For this project, the artist collected video footage from locations across Hawaii Island, Maui, Oahu, Kauai, and Kahoolawe, and created separate compositions for each island.

“Originally, the plan was for me to travel to all eight major islands, but, of course, COVID changed the plan,” Behrle explained, noting he feels extremely fortunate to have been able to make his planned trip to Kahoolawe with Kahoolawe Island Reserve Commission. “I have been invited to create artworks in some amazing places around the world, but working with the folks at KIRC and spending time on Kahoolawe is a highlight of my professional life and was a deeply moving personal experience.”

In 2019, while he was living on Maui, Behrle created a public art installation titled, “lost and found” as the first project of Wailuku’s Small Town Big Art public art initiative.
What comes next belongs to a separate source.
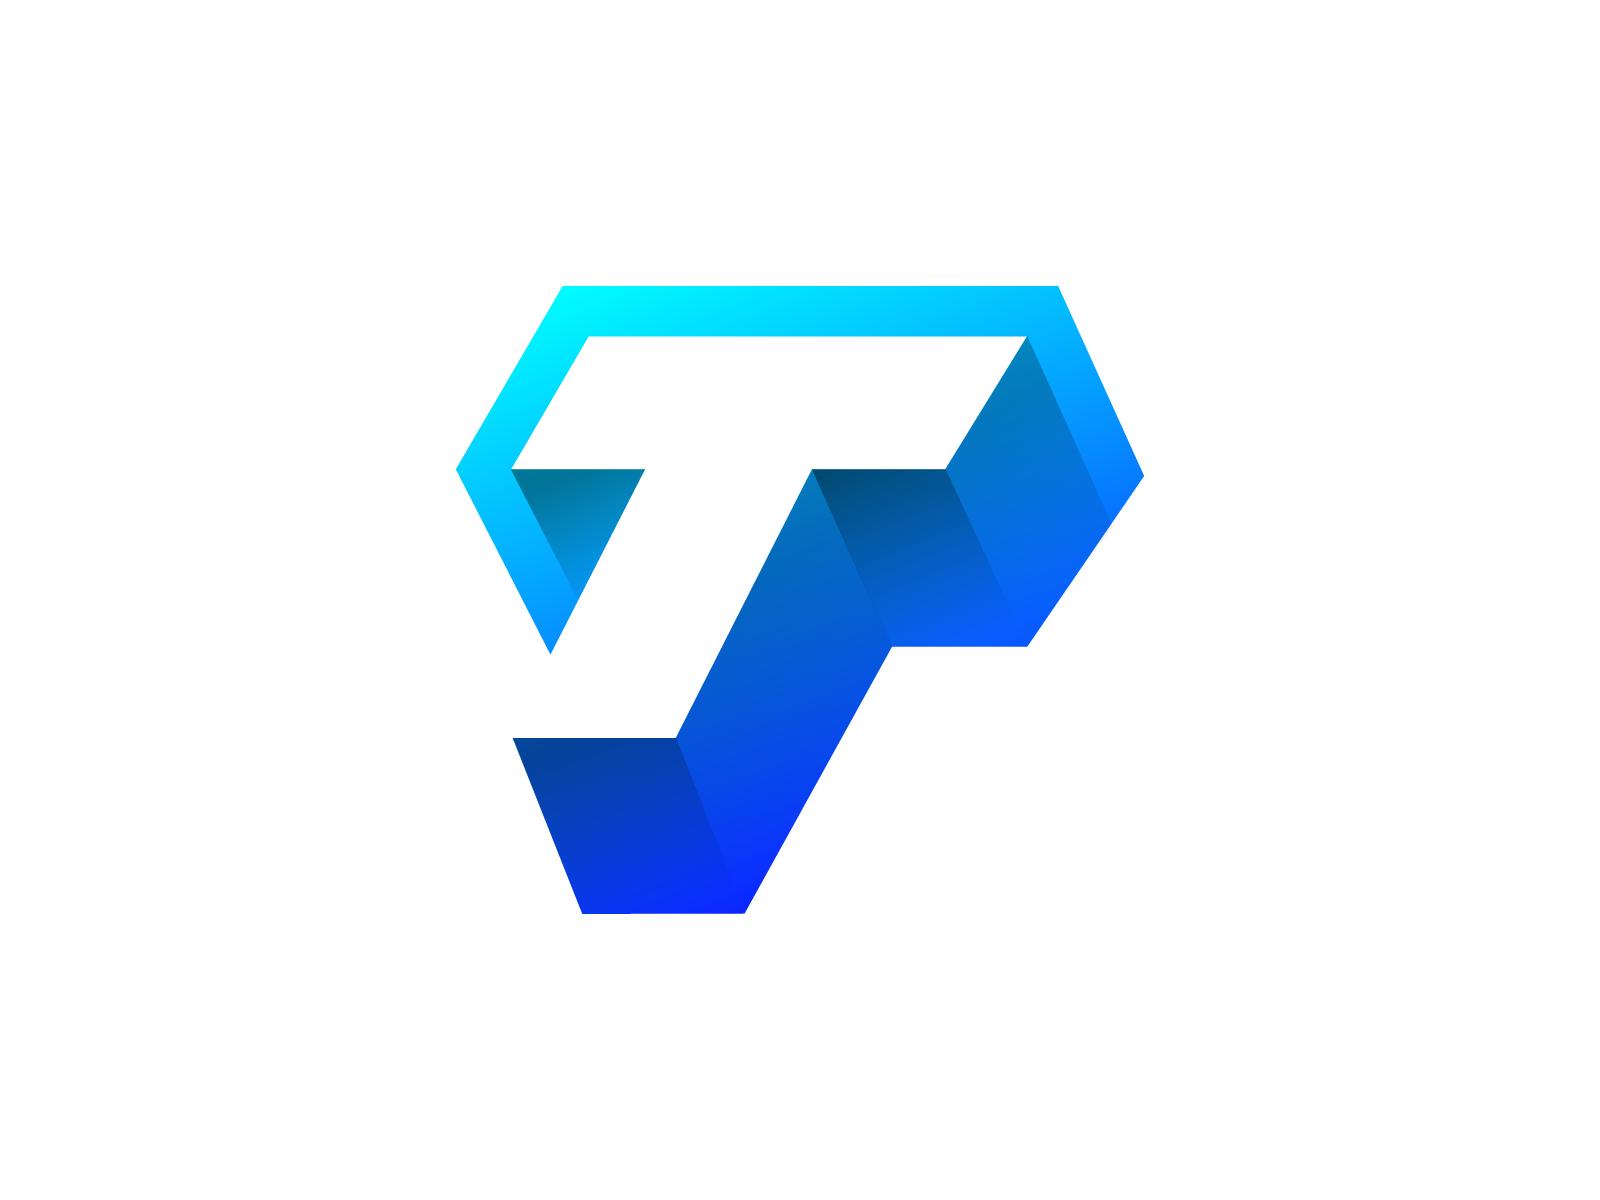 Letter T Exploration Concept 01 Unused For Sale Lettering Letter T Logo Mark

That artwork was a video recreation of the stained glass windows of a Maui church lost to fire in 1977 using footage of local waters flowing through Maui’s Iao Valley. In 2018, Behrle was invited to create site-specific artworks for light-art festivals in Germany, Tunisia, and Seattle. He has exhibited in galleries and museums around the country. Behrle recently had work included in Wailoa Center’s MidSummer Art Celebration.

Artists of Hawaii Now features groundbreaking artists from around the state who model how creatives can lead the way toward a more just and sustainable tomorrow. The artists encompass a broad spectrum of experience, from emerging to established. Some have never shown in a gallery before, while others have been featured in national and international collections.

Through bold, boundary-pushing approaches, the 18 artists featured in this exhibition ignite conversations through community-centered collaboration — re-envisioning Hawaii’s past, present, and future through 13 original, placed-based installations utilizing a wide variety of mediums including technology, performance, site-specific installations, and traditional art practices.

Artists of Hawaii Now also features work by another Hawaii Island resident, Lanakila Mangauil, as well as many other artists with ties to the Big Island. The exhibition is open to the public through Jan. 16, 2022.